### Problem statement
Pictures stay out, but every line of the data is copied exactly.

### Recorded information
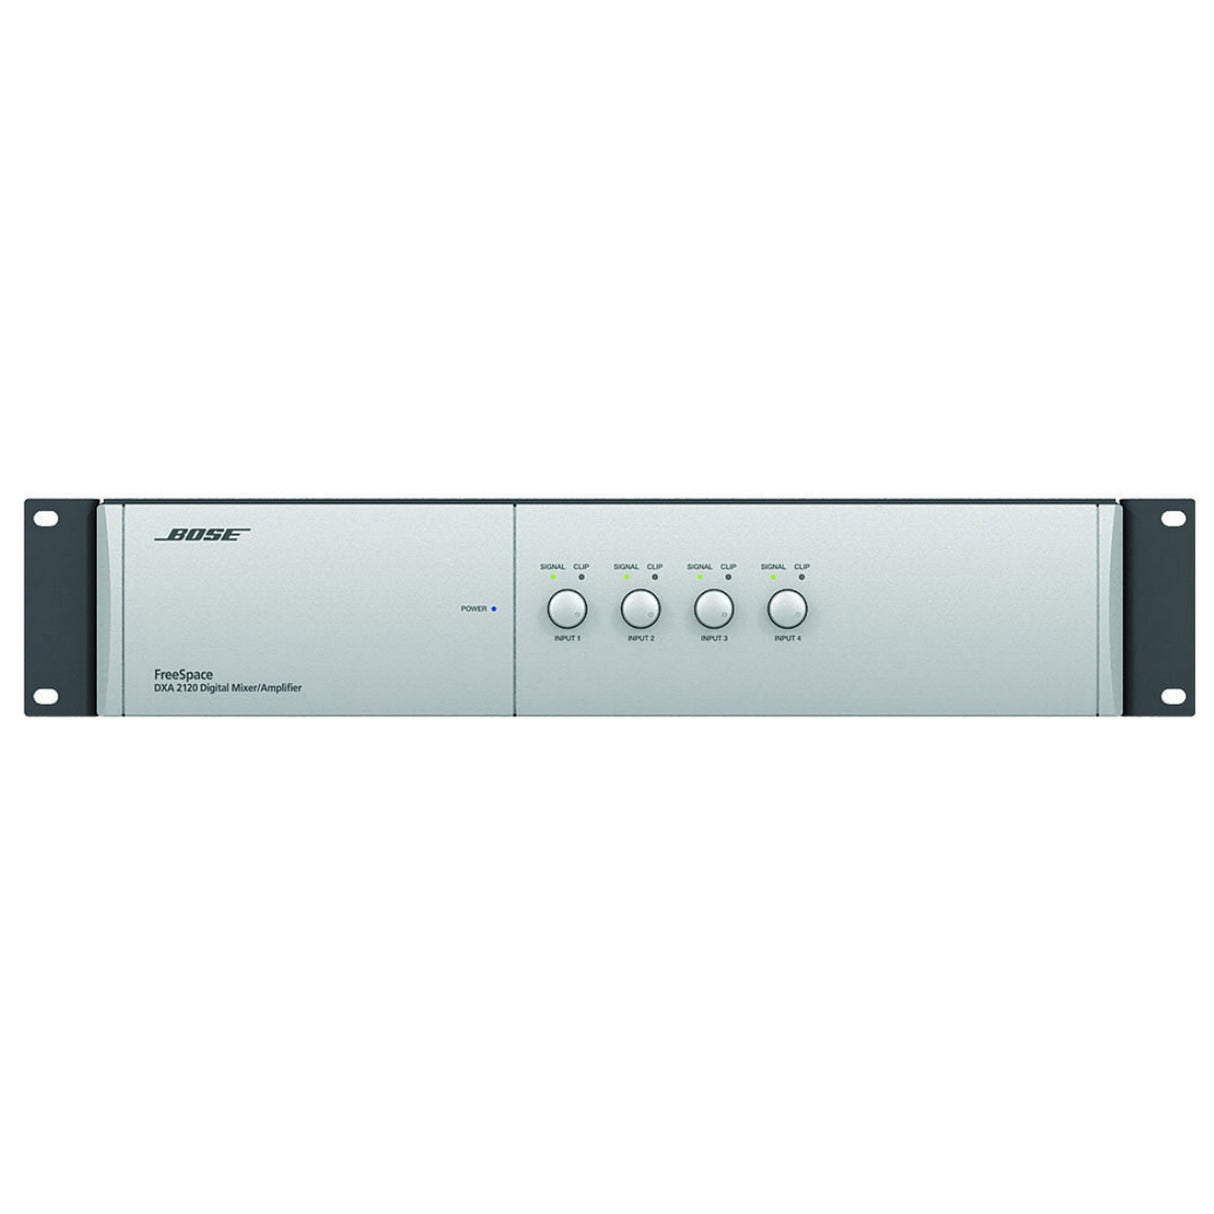 Bose FreeSpace DXA 210 Digital Mixer/Amplifier
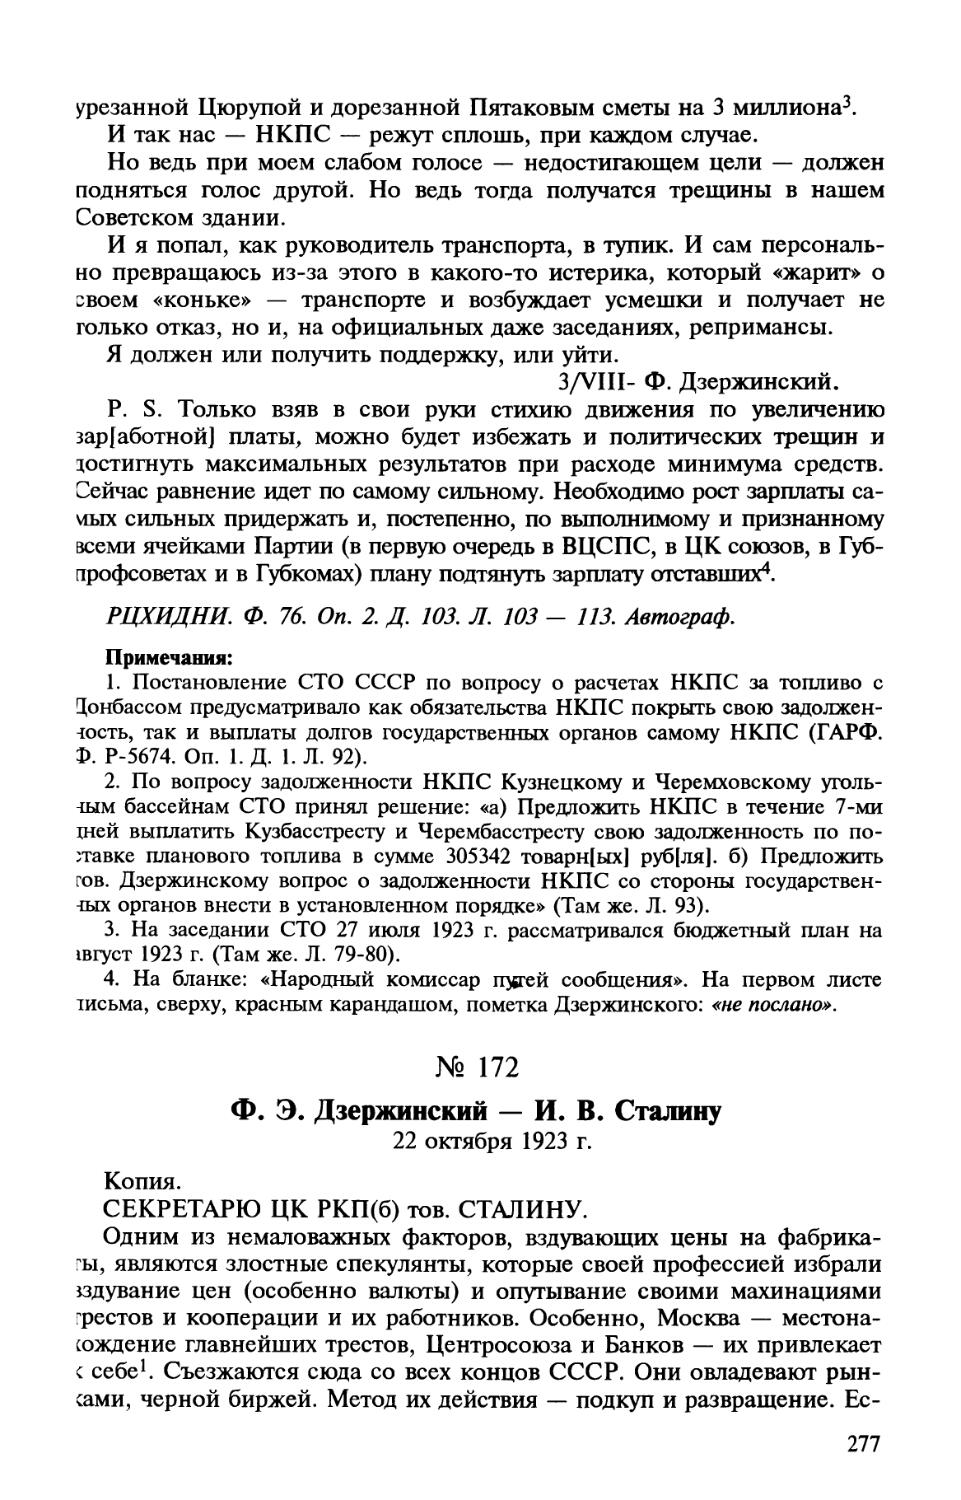 172. Ф. Э. Дзержинский — И. В. Сталину. 22 октября 1923 г.
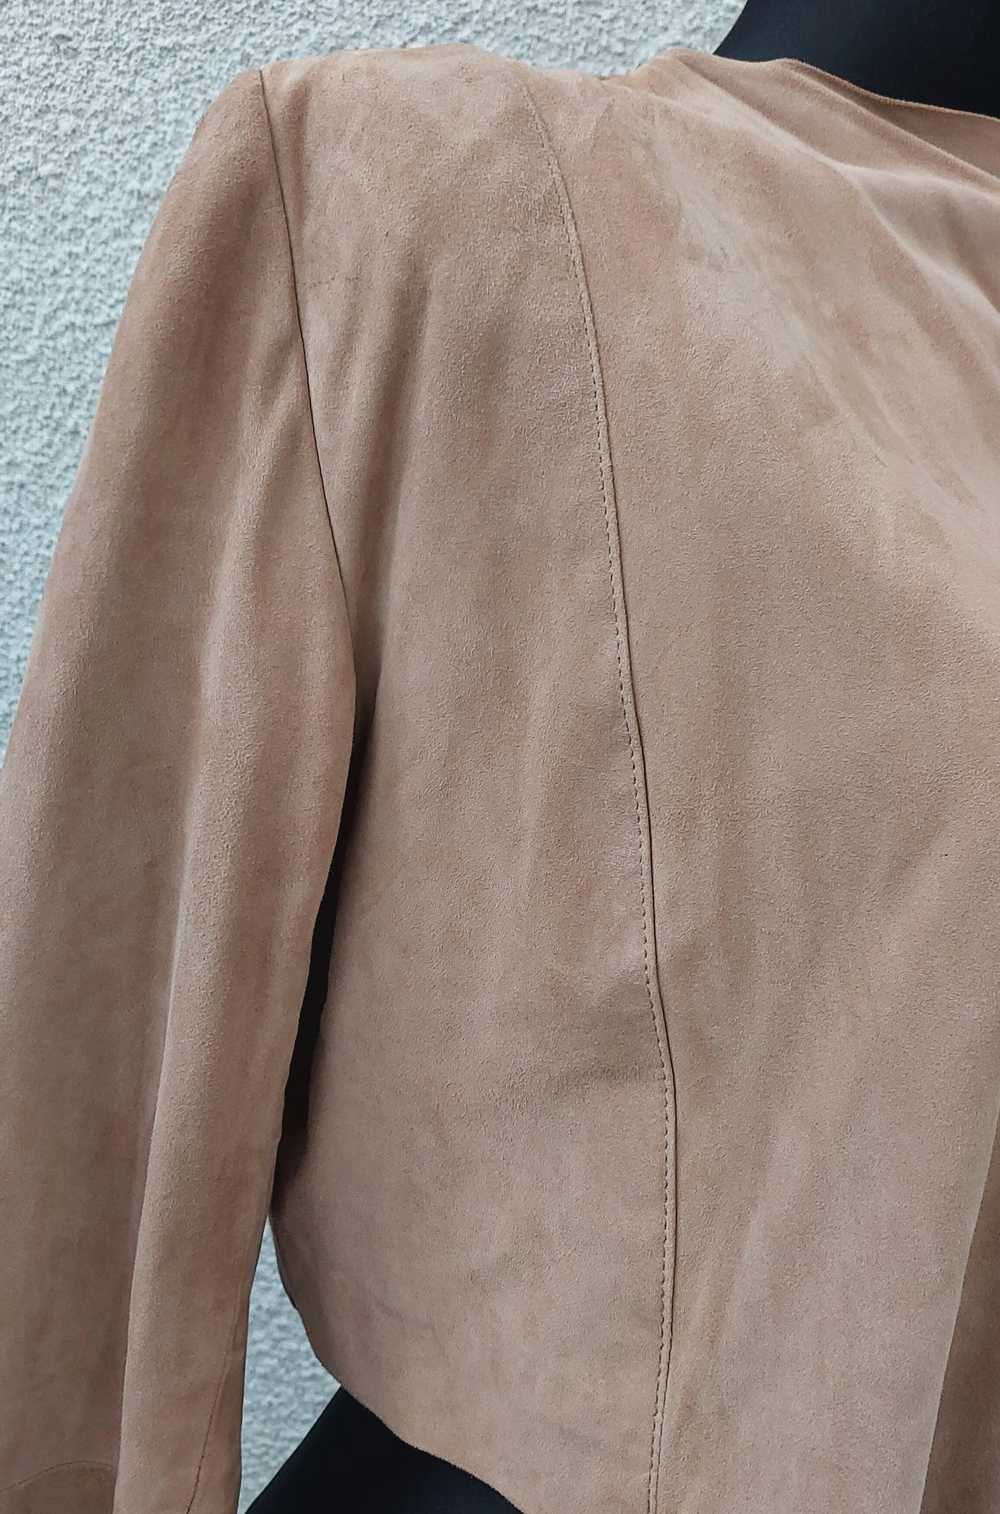 Other Short goatskin jacket - image 8
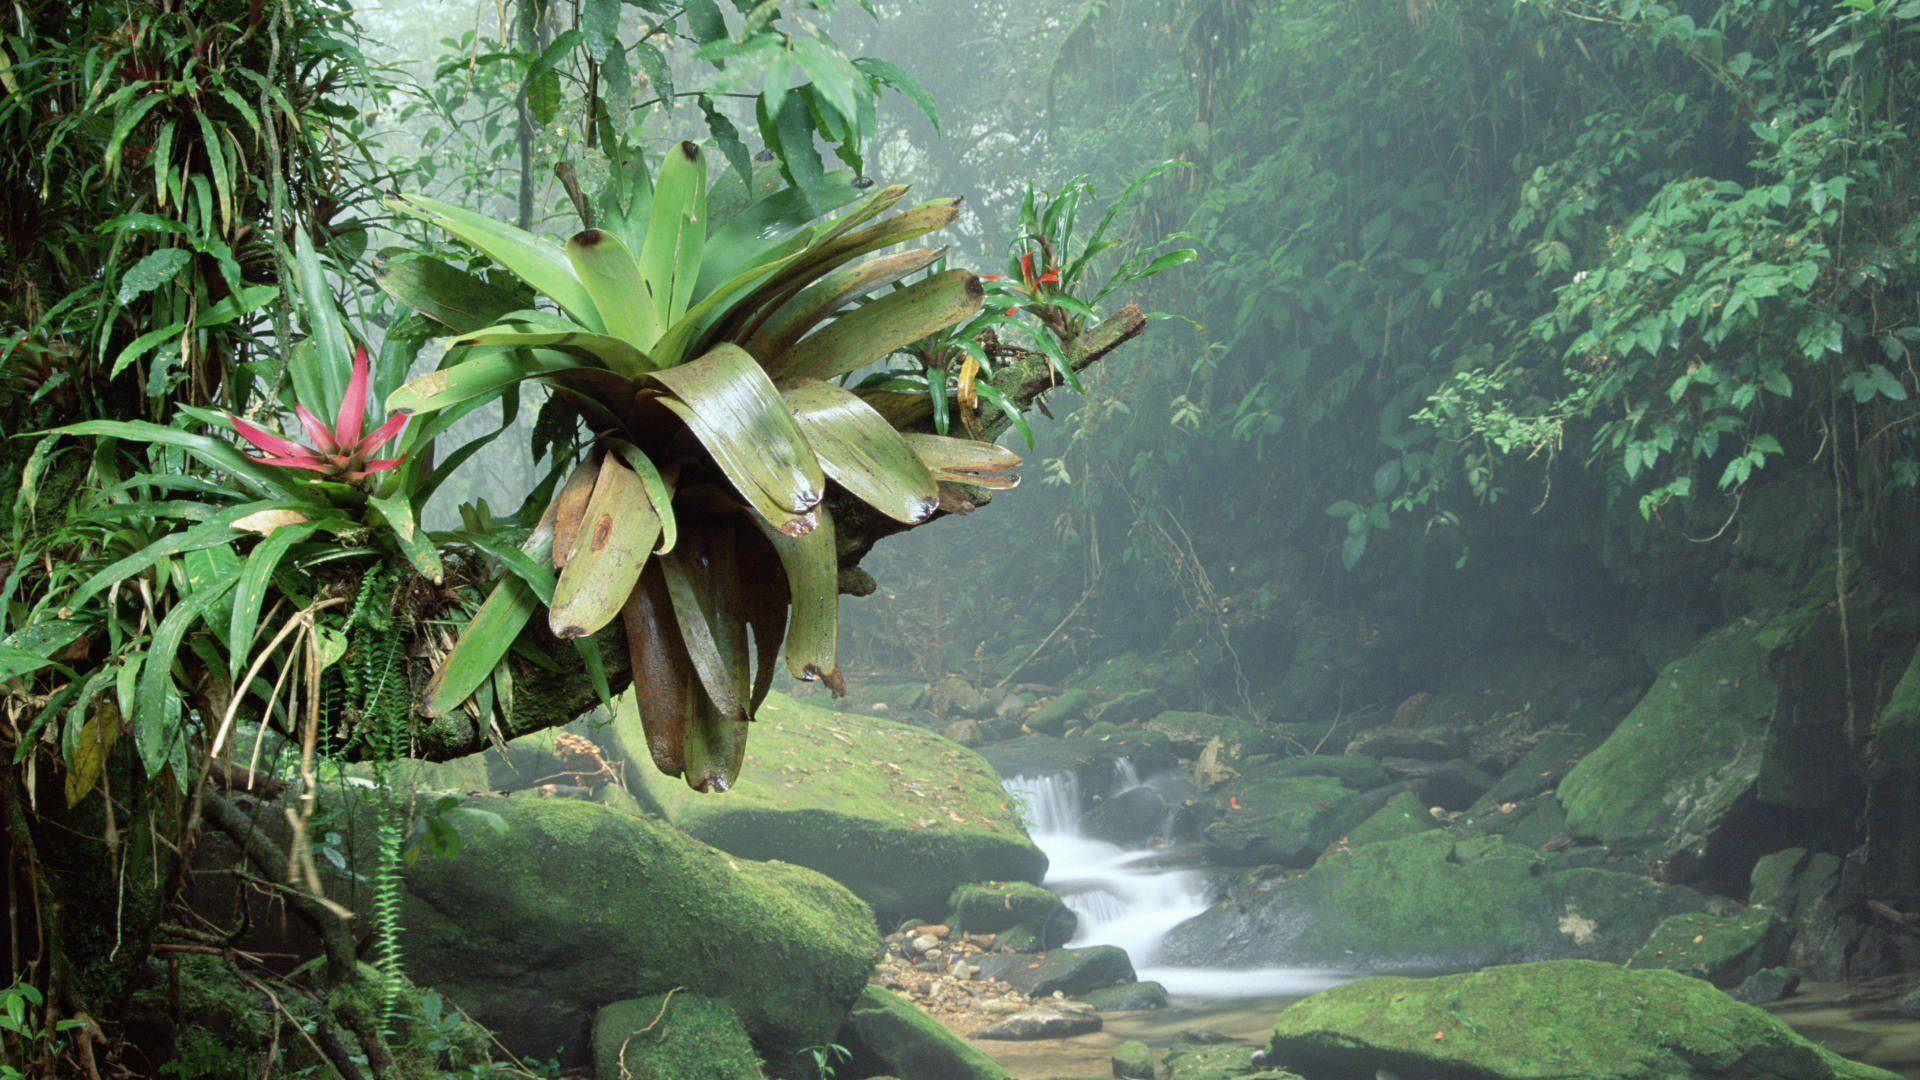 Bromelia Plant In Amazonas

### Result of the task
 Bose FreeSpace DXA 210 Digital Mixer/Amplifier
 172. Ф. Э. Дзержинский — И. В. Сталину. 22 октября 1923 г.
 Other Short goatskin jacket - image 8
 Bromelia Plant In Amazonas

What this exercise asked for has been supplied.